Rex Neame

Personal information
- Full name: Arthur Rex Beale Neame
- Born: 14 June 1936 Faversham, Kent
- Died: 12 November 2008 (aged 72) Herne Bay, Kent
- Batting: Right-handed
- Bowling: Right-arm off-break

Domestic team information
- 1956–1957: Kent
- FC debut: 14 July 1956 Kent v Northants
- Last FC: 9 July 1958 DR Jardine's XI v Cambridge University

Career statistics
| Competition | First-class |
| Matches | 10 |
| Runs scored | 234 |
| Batting average | 13.00 |
| 100s/50s | 0/1 |
| Top score | 69 |
| Balls bowled | 336 |
| Wickets | 4 |
| Bowling average | 42.50 |
| 5 wickets in innings | 0 |
| 10 wickets in match | 0 |
| Best bowling | 2/4 |
| Catches/stumpings | 8/– |
- Source: Cricinfo, 5 April 2014

= Rex Neame =

English cricketer

Arthur Rex Beale Neame (14 June 1936 – 12 November 2008), known as Rex Neame, was an English amateur cricketer who worked in the brewing industry. He played first-class cricket for Kent County Cricket Club between 1956 and 1957 as well as for other teams, including MCC and Free Foresters and was one of the leading schoolboy sportsmen of the mid-1950s.

==Early life==
Neame was born at Faversham in Kent into the Neame family which operated the Shepherd Neame brewery in the town.
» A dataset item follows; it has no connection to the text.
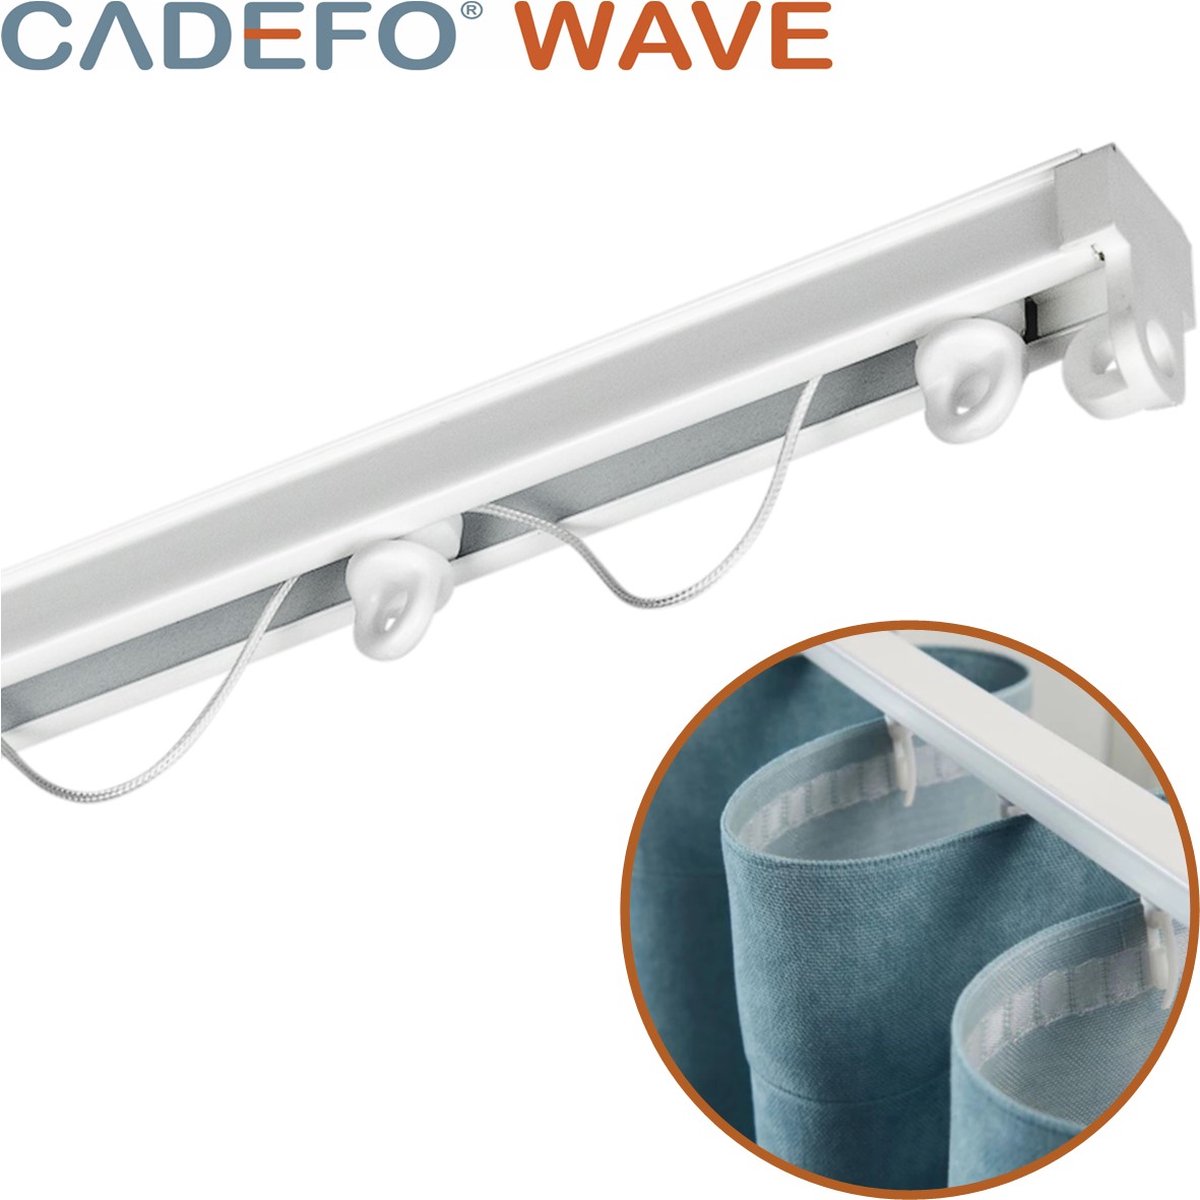 CADEFO WAVE (451 - 500 cm) Gordijnrails - Compleet op maat! - UIT 1 STUK - Leverbaar tot 6 meter - Plafondbevestiging - Lengte 474 cm

He was educated at prep school at Hindhead in Hampshire before going on to Harrow School where he captained the cricket team in 1954 and 1955 and was Head Boy in his final year. He captained England at schoolboy level in both cricket and rugby union and was considered a talented sportsman and described as the "leading all-rounder" in school cricket in 1955.

==Cricket career==
Neame made his Kent debut in 1956 and played occasionally for the team as an amateur when he could find the time to be away from the family business. He made a total of 10 first-class appearances, including four for Kent. He played more regularly for the county Second XI and won his Second XI cap in 1956.

==Work life==
In 1959 Neame took over the day-to-day management of Shepherd Neame's Queen Court Farm at Ospringe and in 1961 was appointed to the brewery's board. He left the company in 1967 after his contract was not renewed and worked at Bulmers and Marston's breweries before running a hotel near Kinlochbervie in Sutherland.

==Later life==
After moving to Norfolk to paint, Neame returned to live in Kent after becoming unwell. He suffered from Alzheimer's disease and died at a nursing home at Herne Bay in 2008 aged 72.